Muslims respect constitutional principles

The immediate reactions to Dr. Ben Carson’s fallacious view that Muslims can’t respect America’s Constitution have dissipated — but the invidious suspicion that he might be right lives on in the thinking of too many Americans.

The supposed incompatibility of Islam with American constitutional democracy deserves immediate disposal in the trash heap of history, where ignorance, prejudice and stupid thinking belong.

 Since Carson and his many sympathizers continue to insist on the fundamental opposition of Islam to the prevailing moral system of America, we insist with equal conviction that the Islamic faith is indeed compatible with constitutional democracy — in America and everywhere else.
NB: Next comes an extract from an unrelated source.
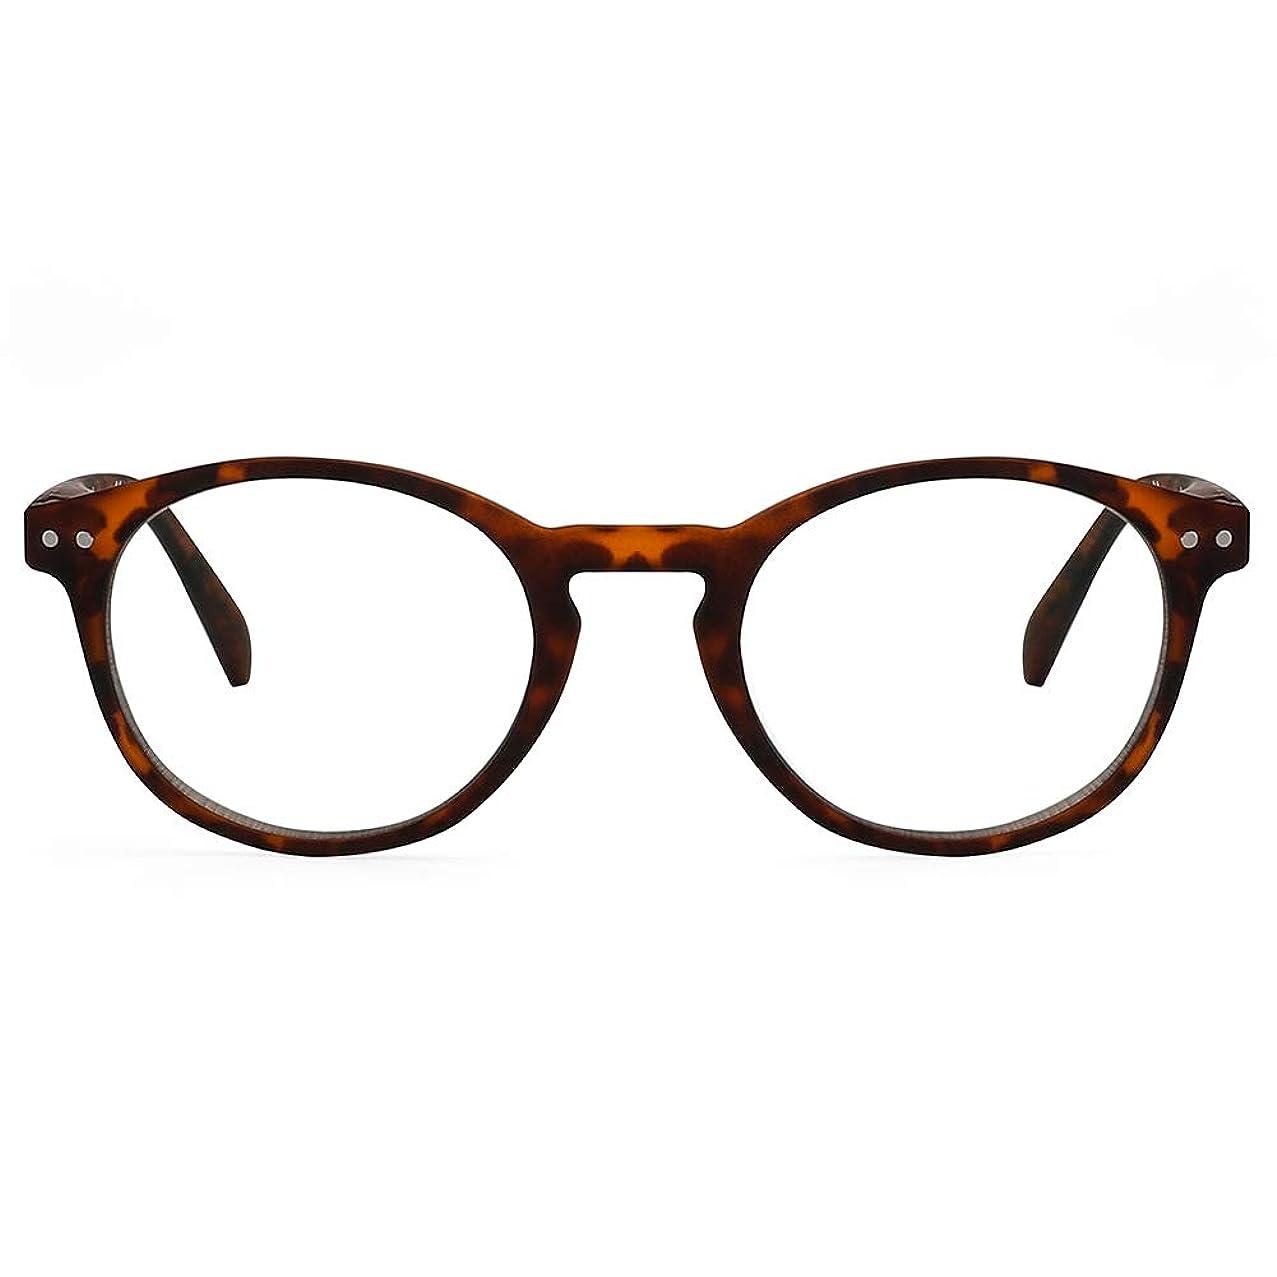 Cyxus Computer Blue Light Blocking Vintage Retro Glasses for Man and Woman, Anti Eye Strain Eyewear UV Headaches for Digital Screens (8301T10,Tortoise)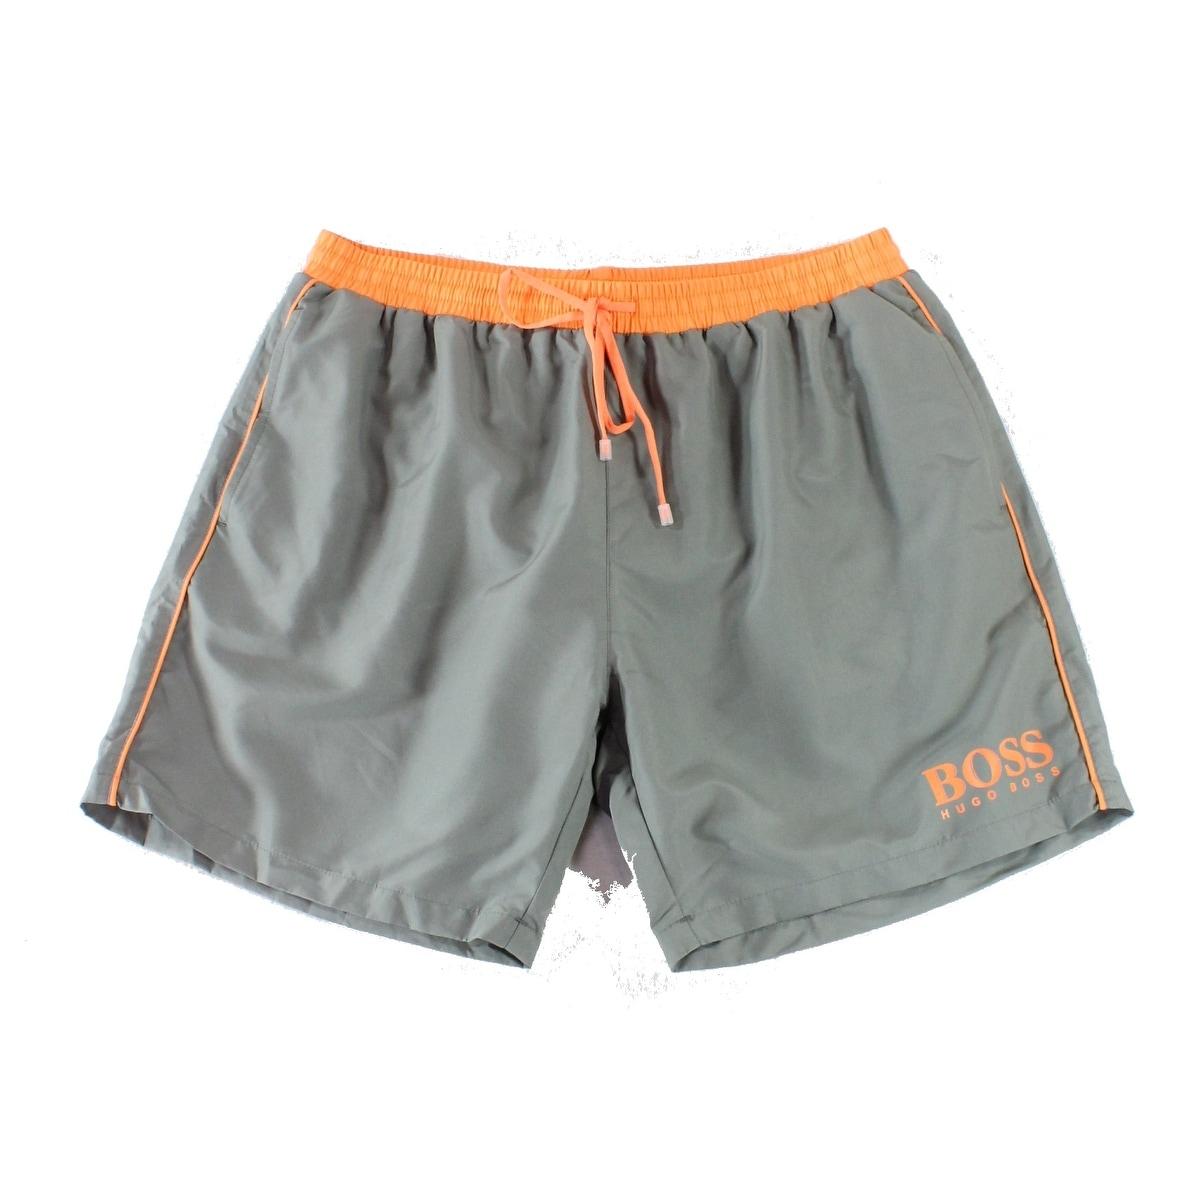 7aff75a6e Shop Hugo Boss Gray Orange Mens Size XL Board Shorts Drawstring Swimwear -  Ships To Canada - Overstock - 26911853

Islam is an Abrahamic faith. Our Constitution also comes from the Abrahamic tradition of fulfilling responsibilities. Thus, Muslims have the same affinity with the constitutional principle of public office as a public trust as Christians and Jews do.

Our Constitution requires those who hold public office to take an oath that they will be faithful stewards of that office. This tradition of stewardship goes back to I Samuel 8 in the Old Testament. It was used in the Magna Carta 800 years ago to restrain King John. John Calvin reaffirmed the ministry of public office under God and the law. His views inspired, first, the English revolution against royal tyranny, then John Locke’s ideas on government and later the American Declaration of Independence and the U.S. Constitution.

The Qur’an (2:30) describes humanity as stewards (khalifa) of God in protecting and nourishing his creation. The Qur’anic idea of authority as Khalifa holds that all of us are responsible for our trusteeship duties to advance the public good and help one another.

The Qur’an (23:8) describes those who walk in the ways of God as “those who are attentive to their trusts and covenants.” It further (4:58) states, “Indeed, God commands you to render trusts to whom they are due and when you judge between people to judge with justice.”

Where Muslim societies have lived under oppressive rulers, the oppression revealed a failure of such leaders to rule justly according to Qur’anic teachings.

These fundamental Qur’anic teachings can be found expressly in John Locke’s Second Treatise on Government, which is the founding theory supporting our Constitution.

Thus, Muslims are theologically directed to be good stewards of their trust responsibilities and so are easily able to uphold our Constitution with conviction.